• Records for the task:
========

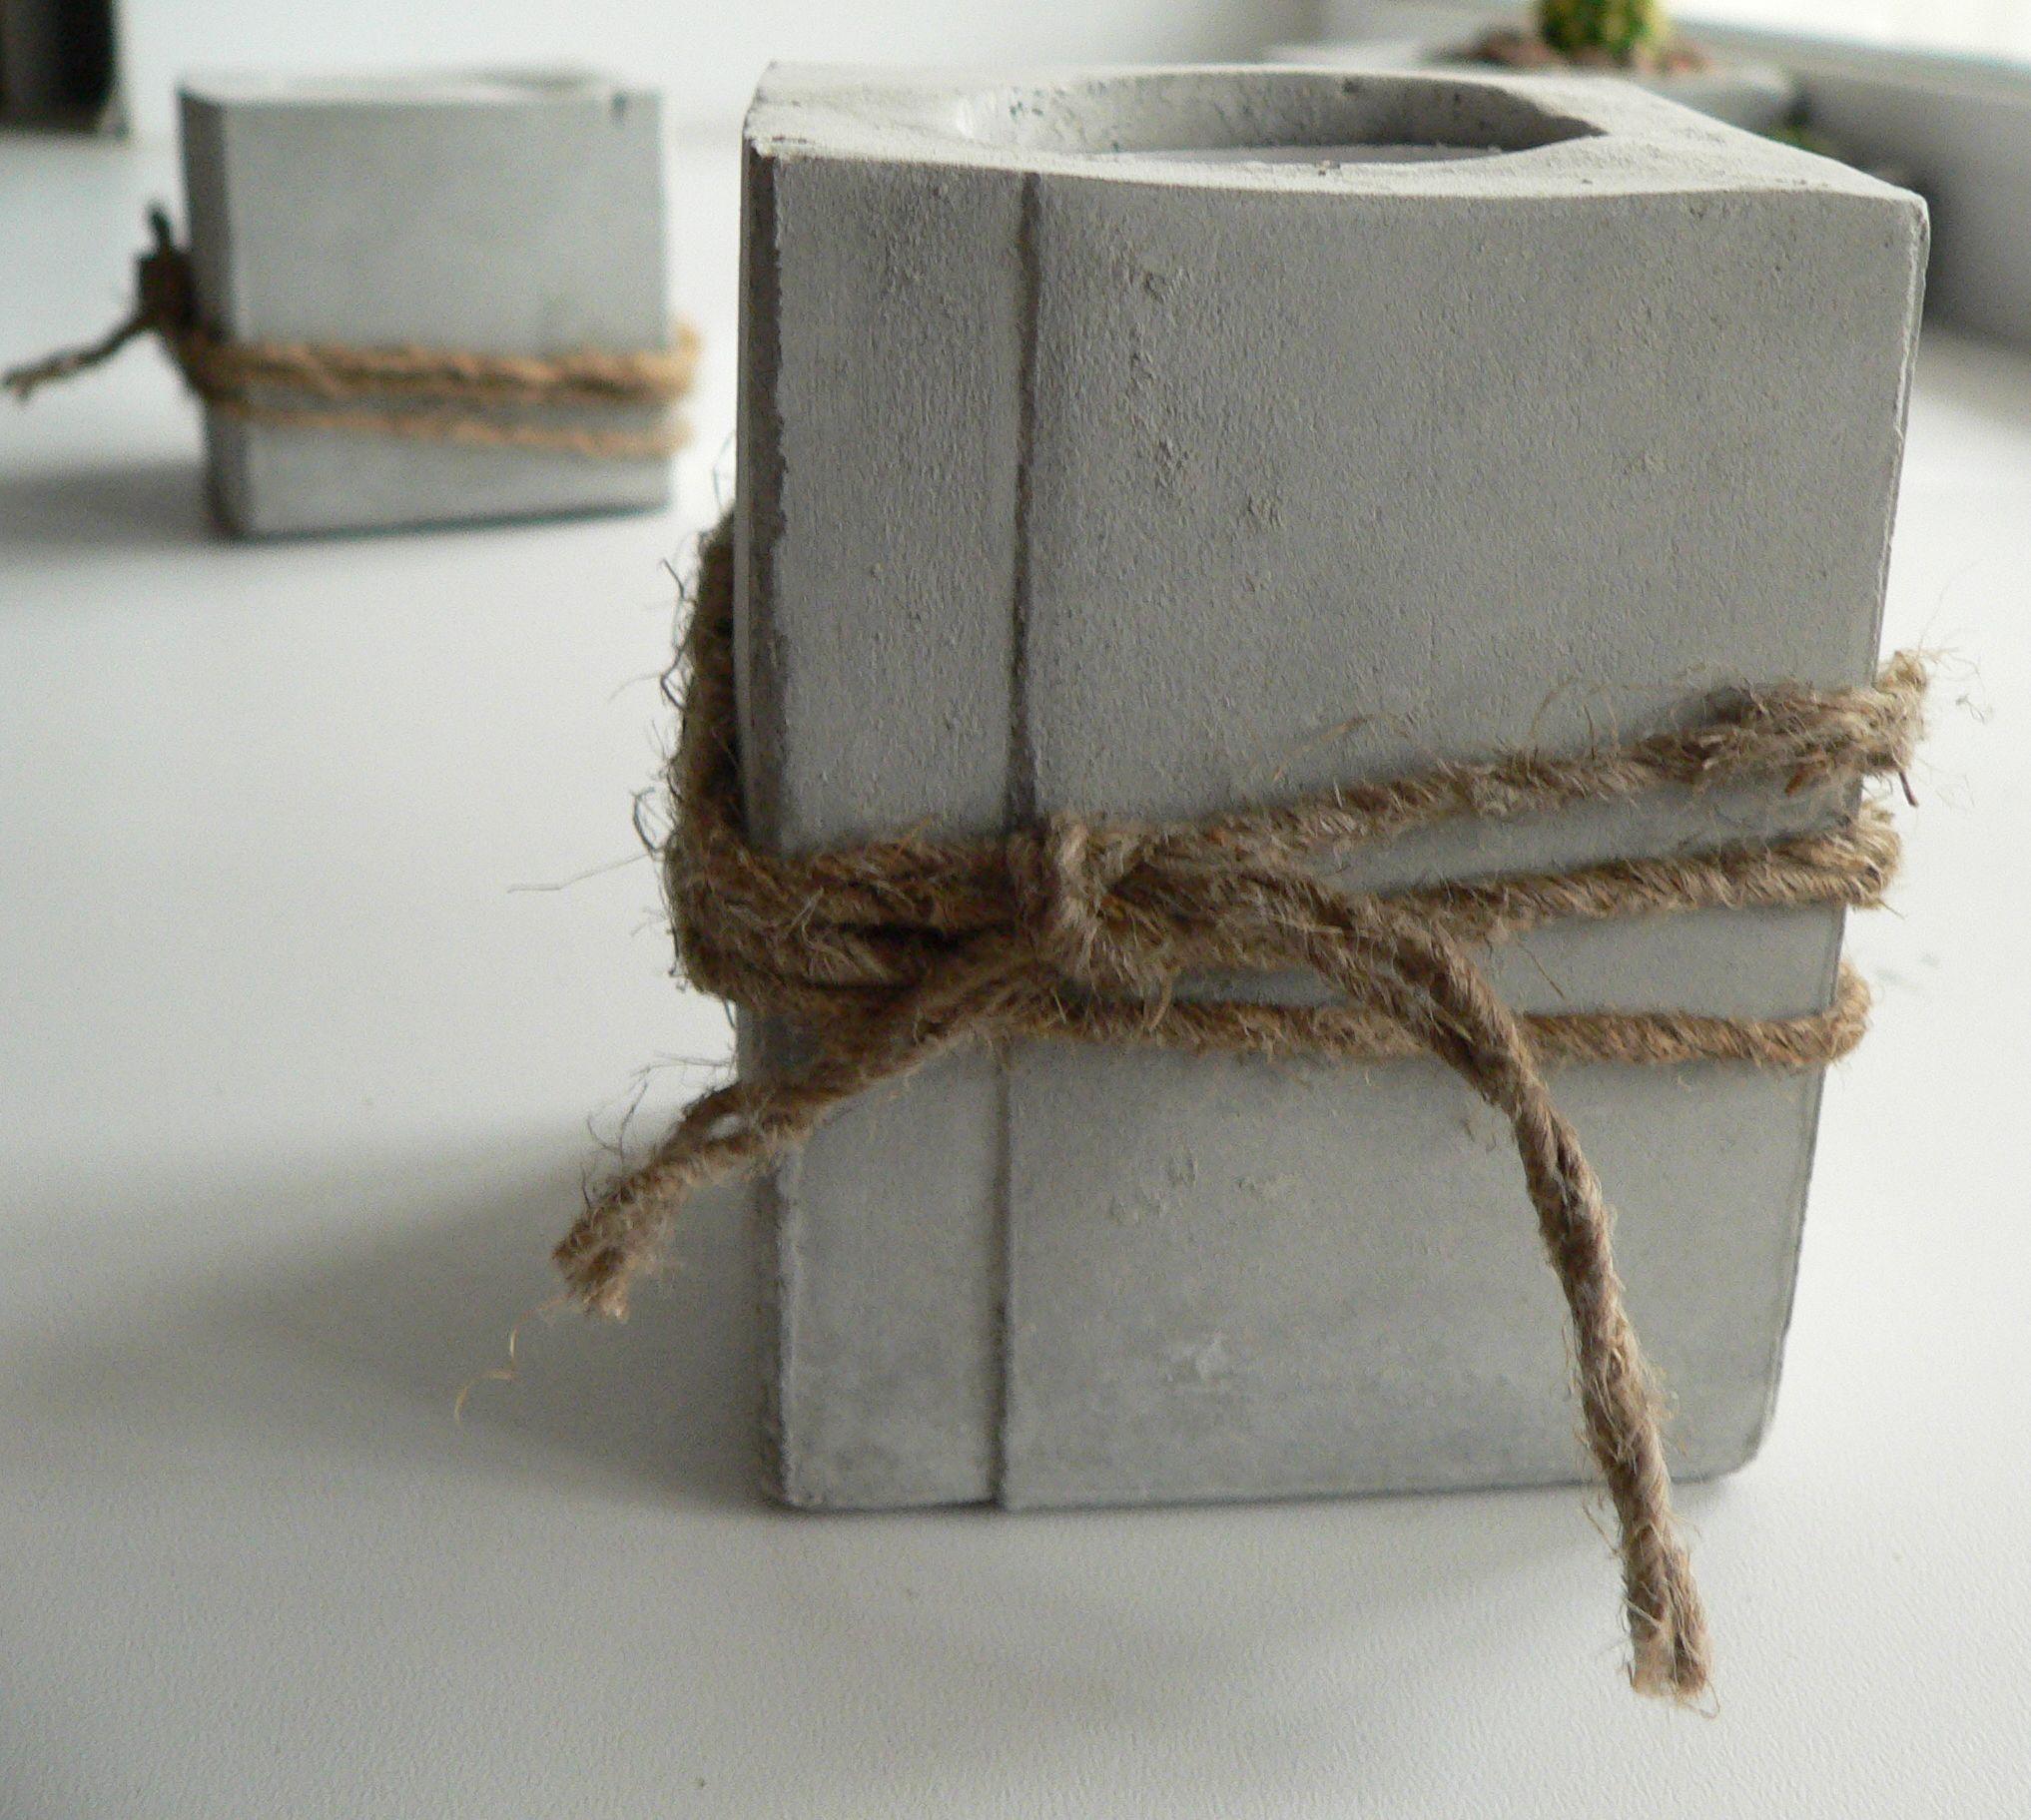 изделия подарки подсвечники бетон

========

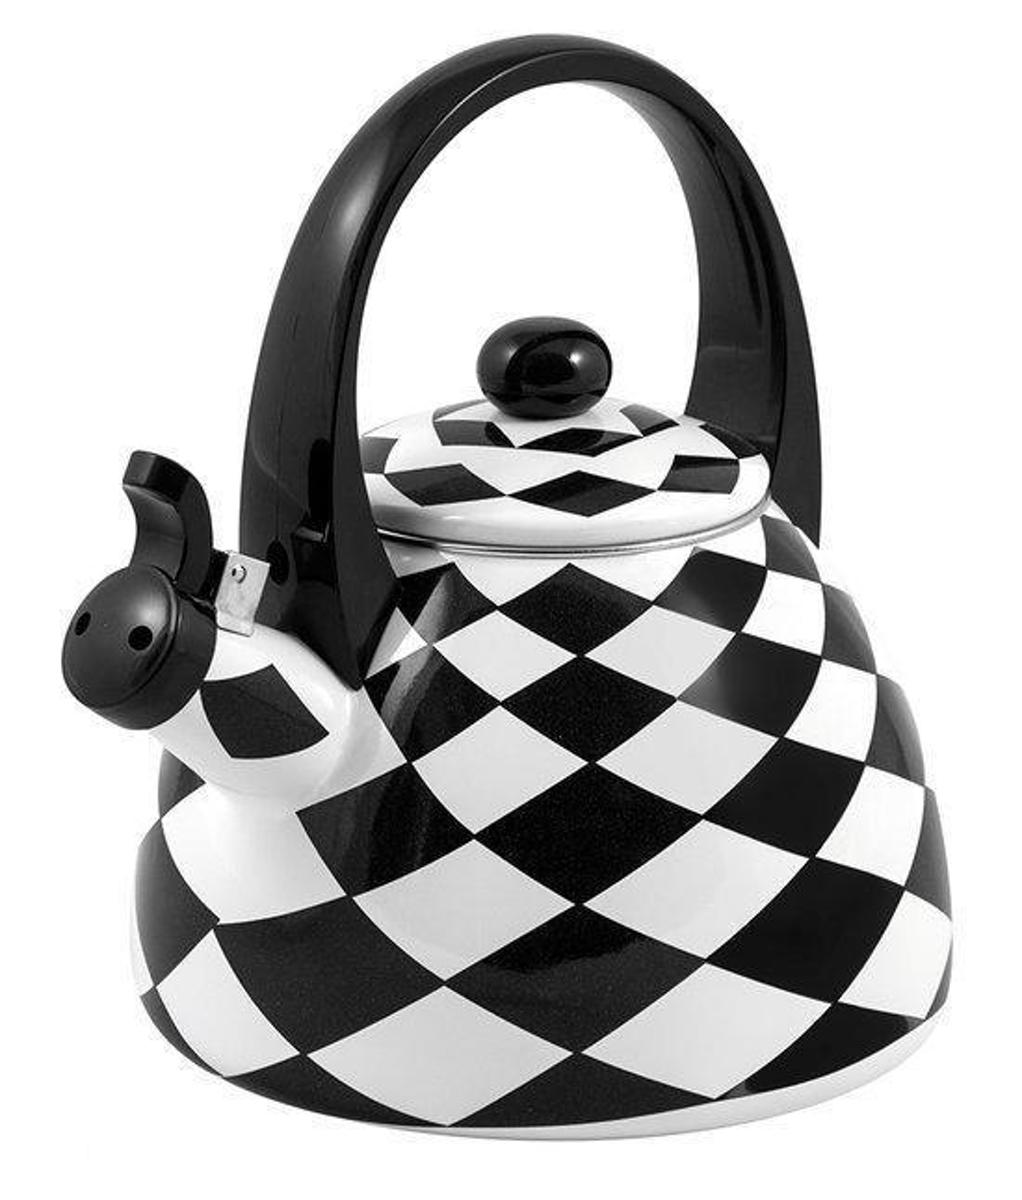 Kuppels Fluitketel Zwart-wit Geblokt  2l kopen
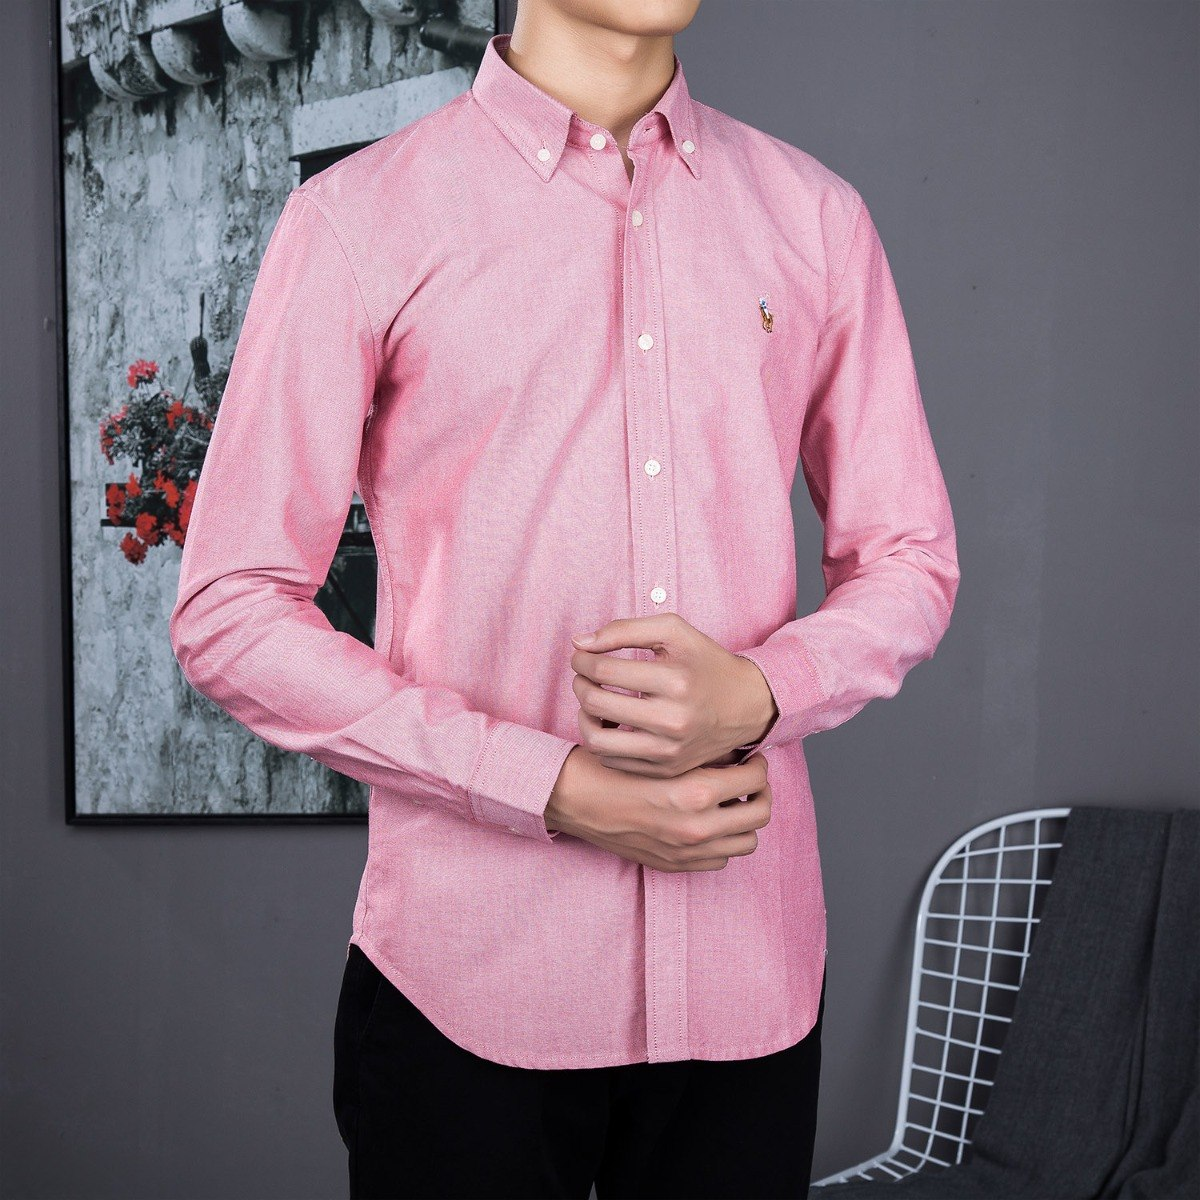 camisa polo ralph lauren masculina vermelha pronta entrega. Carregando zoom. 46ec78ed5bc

========

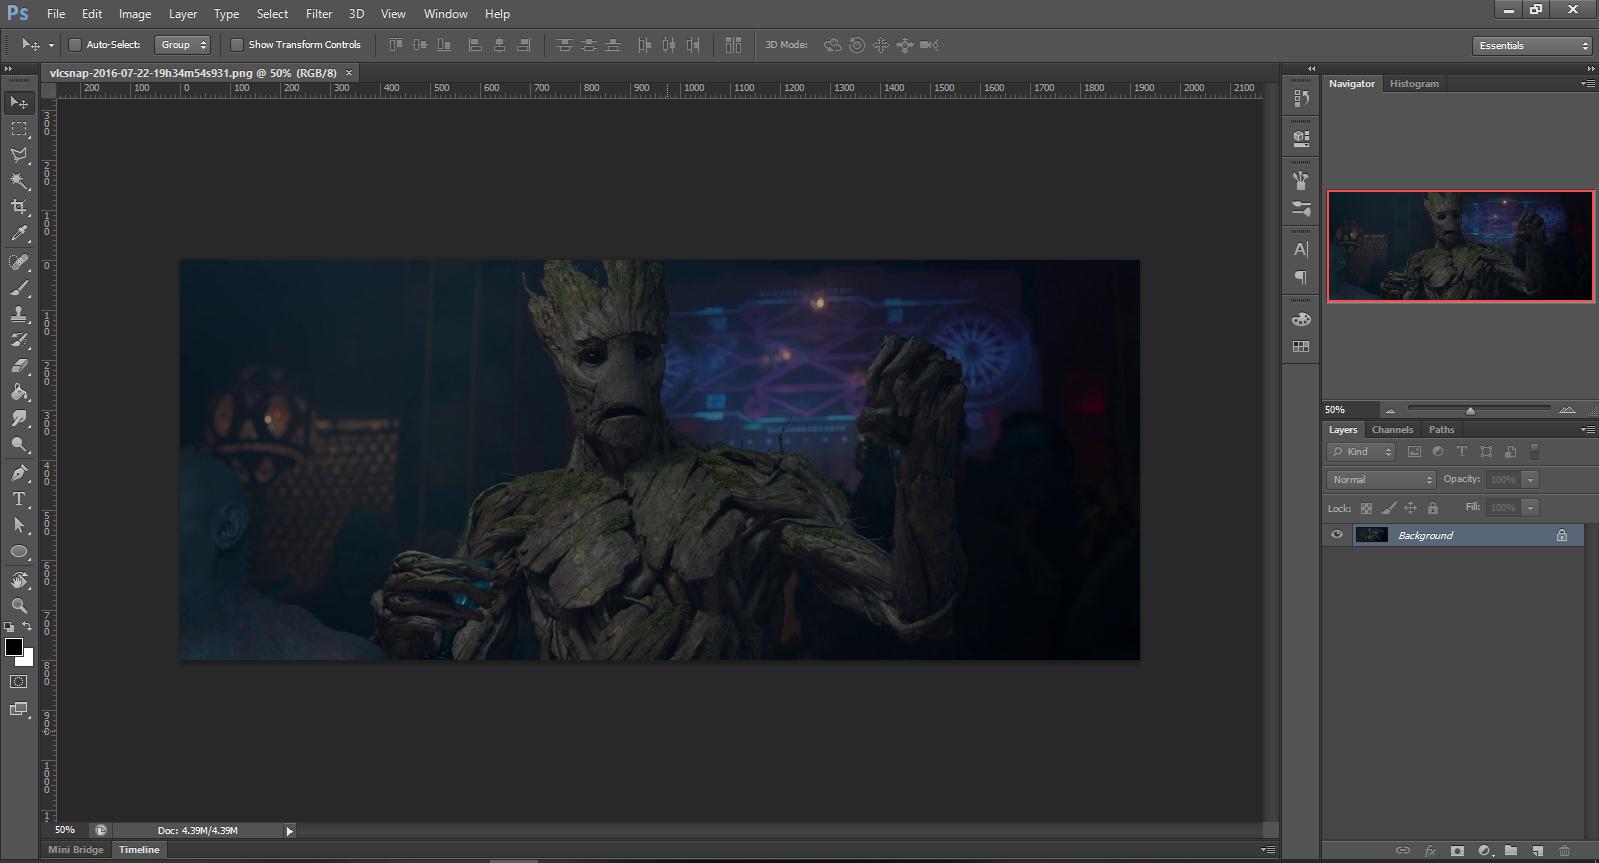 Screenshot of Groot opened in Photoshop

========

• What you have to do:
Copy everything above from the line holding "Kuppels Fluitketel Zwart-wit" down to the line holding "camisa polo ralph", both ends included, exactly as it stands and without the pictures.

• Task answer:
 Kuppels Fluitketel Zwart-wit Geblokt  2l kopen
 camisa polo ralph lauren masculina vermelha pronta entrega. Carregando zoom. 46ec78ed5bc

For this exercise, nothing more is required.